Reconciliation of net cash provided by (used in) operating and financing activities. The differences between net cash provided by (used in) operating and financing activities for WES and WES Operating are reconciled as follows:
| | | | | | | | | | | | | | | | | | |
| | | | | | | | |
| | | | |
| | Three Months Ended March 31, | | | | |
| thousands | | 2026 | | 2025 | | | | |
| WES net cash provided by operating activities | | $ | 469,903 | | | $ | 530,793 | | | | | |
General and administrative expenses (1) | | 345 | | | (188) | | | | | |
Non-cash equity-based compensation expense | | (186) | | | (104) | | | | | |
| Changes in working capital | | (25,440) | | | (18,990) | | | | | |
| Other income (expense), net | | (90) | | | (46) | | | | | |
| | | | | | | | |
| | | | | | | | |
| WES Operating net cash provided by operating activities | | $ | 444,532 | | | $ | 511,465 | | | | | |
| | | | | | | | | |
| WES net cash provided by (used in) financing activities | | $ | (407,022) | | | $ | (1,032,020) | | | | | |
Distributions to WES unitholders (2) | | 379,675 | | | 340,996 | | | | | |
Distributions to WES from WES Operating (3) | | (378,579) | | | (340,407) | | | | | |
| Increase (decrease) in outstanding checks | | (2,620) | | | (5) | | | | | |
| | | | | | | | |
| Other | | 26,895 | | | 18,454 | | | | | |
| WES Operating net cash provided by (used in) financing activities | | $ | (381,651) | | | $ | (1,012,982) | | | | | |
_________________________________________________________________________________________
(1)Represents general and administrative expenses incurred by WES separate from, and in addition to, those incurred by WES Operating.
(2)Represents distributions to WES common unitholders paid under WES’s partnership agreement.
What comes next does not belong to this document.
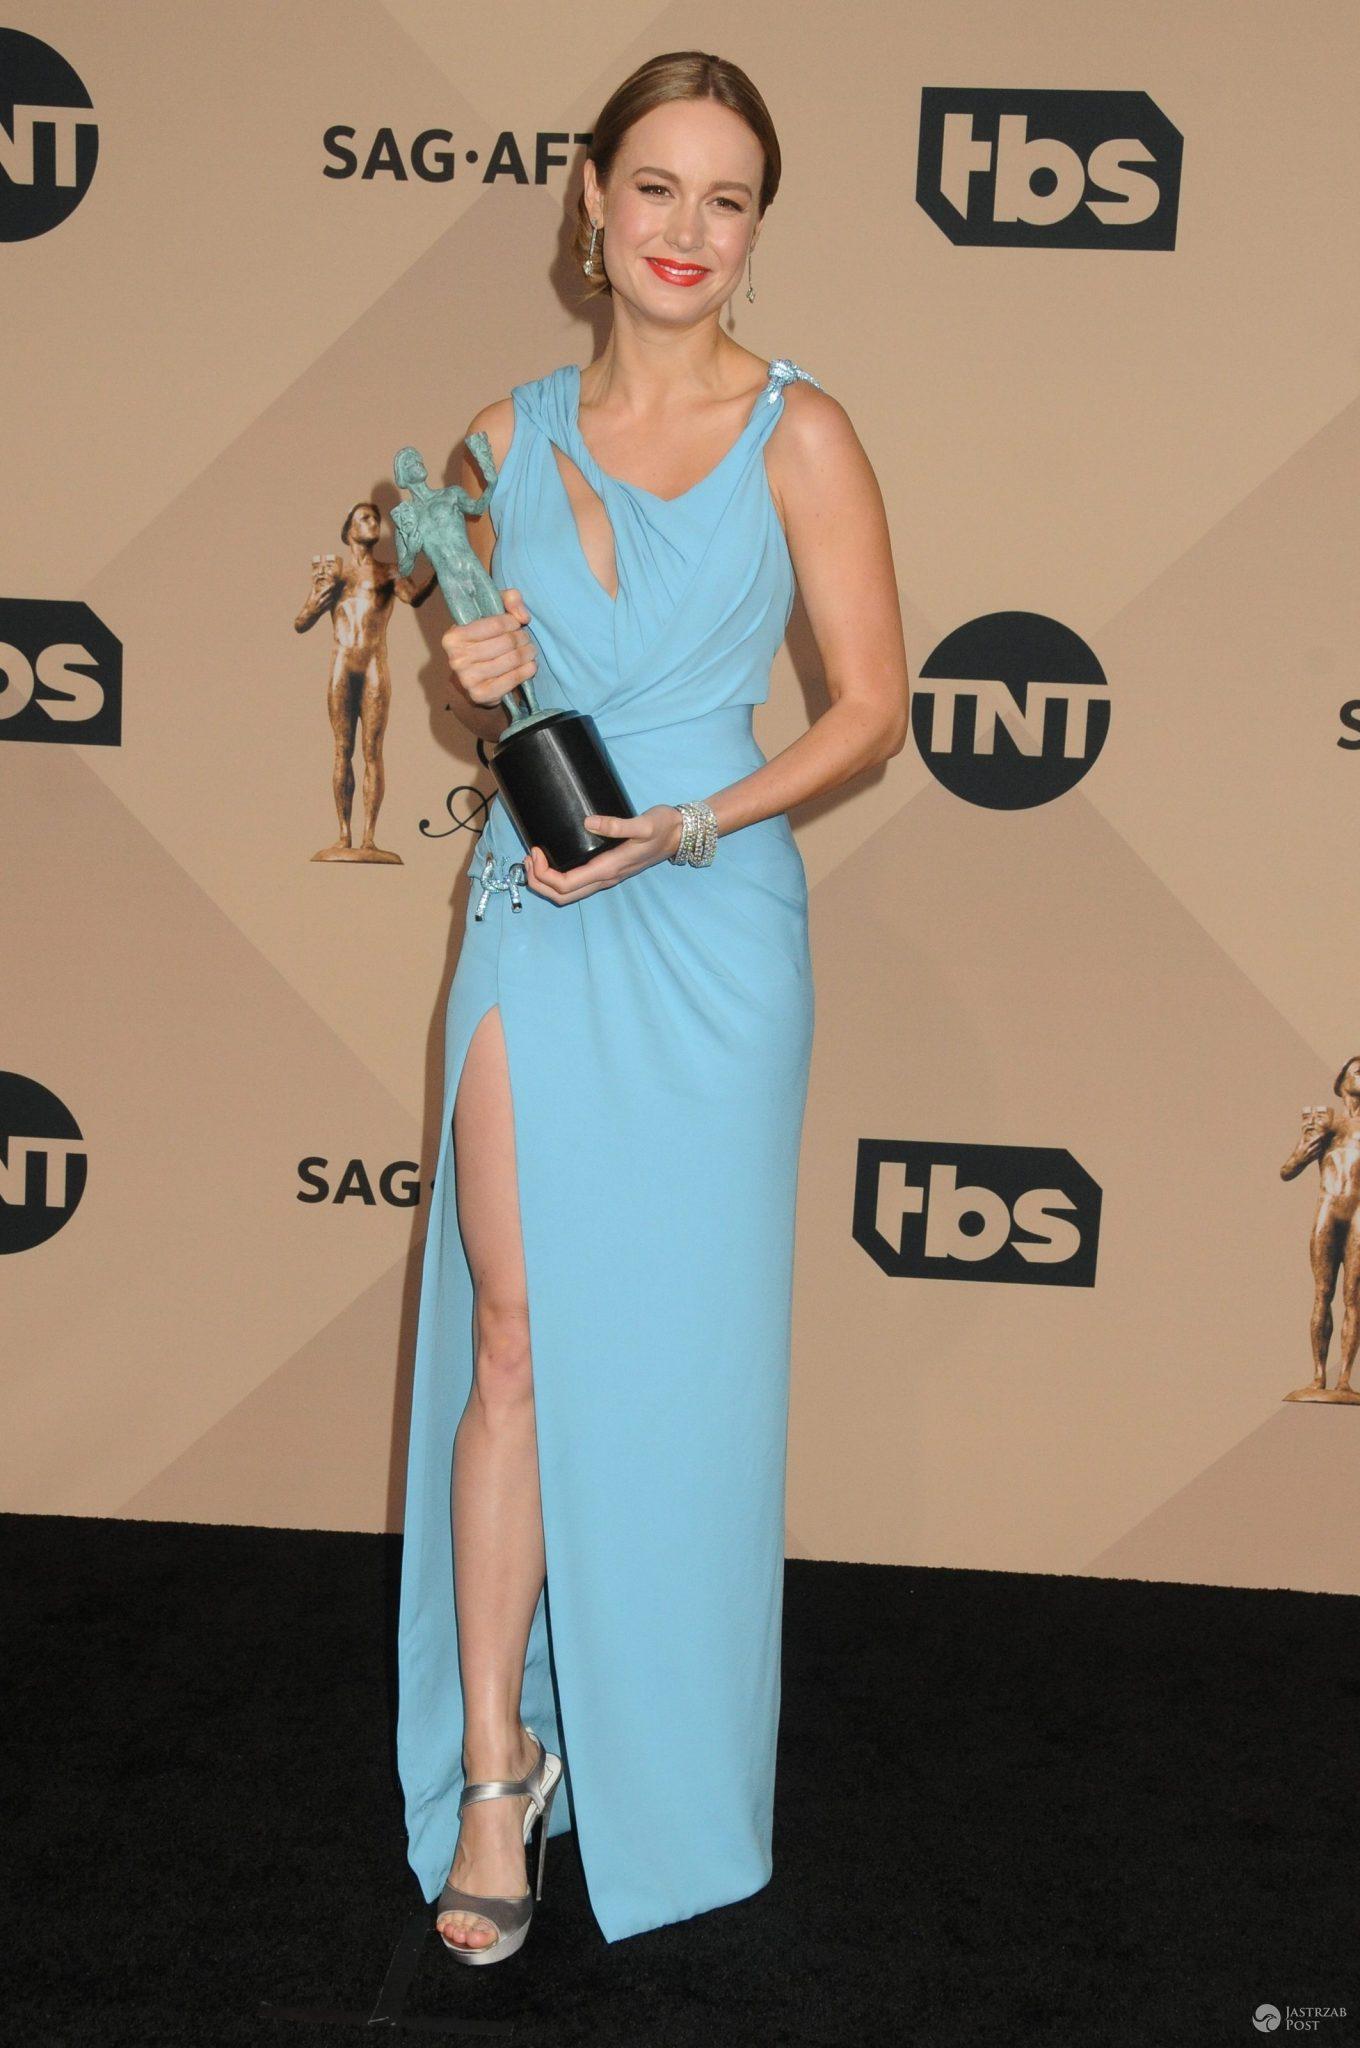 Kreacja: Atelier Versace. Brie Larson, SAG Awards 2016 (fot. ONS)

See Note 4—Partnership Distributions and Note 5—Equity and Partners’ Capital in the Notes to Consolidated Financial Statements under Part I, Item 1 of this Form 10-Q.
(3)Difference attributable to elimination in consolidation of WES Operating’s distributions on WES Operating’s Preferred Units and partnership interests owned by WES. See Note 4—Partnership Distributions and Note 5—Equity and Partners’ Capital in the Notes to Consolidated Financial Statements under Part I, Item 1 of this Form 10-Q.
Noncontrolling interest. WES Operating’s noncontrolling interest consists of the 25% third-party interest in Chipeta.
WES Operating distributions. WES Operating distributes all of its available cash on a quarterly basis to WES Operating unitholders according to the terms of its limited partnership agreement. See Note 4—Partnership Distributions in the Notes to Consolidated Financial Statements under Part I, Item 1 of this Form 10-Q.
CRITICAL ACCOUNTING ESTIMATES
The preparation of consolidated financial statements in accordance with GAAP requires management to make informed judgments and estimates that affect the amounts of assets and liabilities as of the date of the financial statements and the amounts of revenues and expenses recognized during the periods reported. There have been no significant changes to our critical accounting estimates from those disclosed in our annual report on Form 10-K for the fiscal year ended December 31, 2025.
RECENT ACCOUNTING DEVELOPMENTS
See Note 1—Description of Business and Basis of Presentation in the Notes to Consolidated Financial Statements under Part I, Item 1 of this Form 10-Q.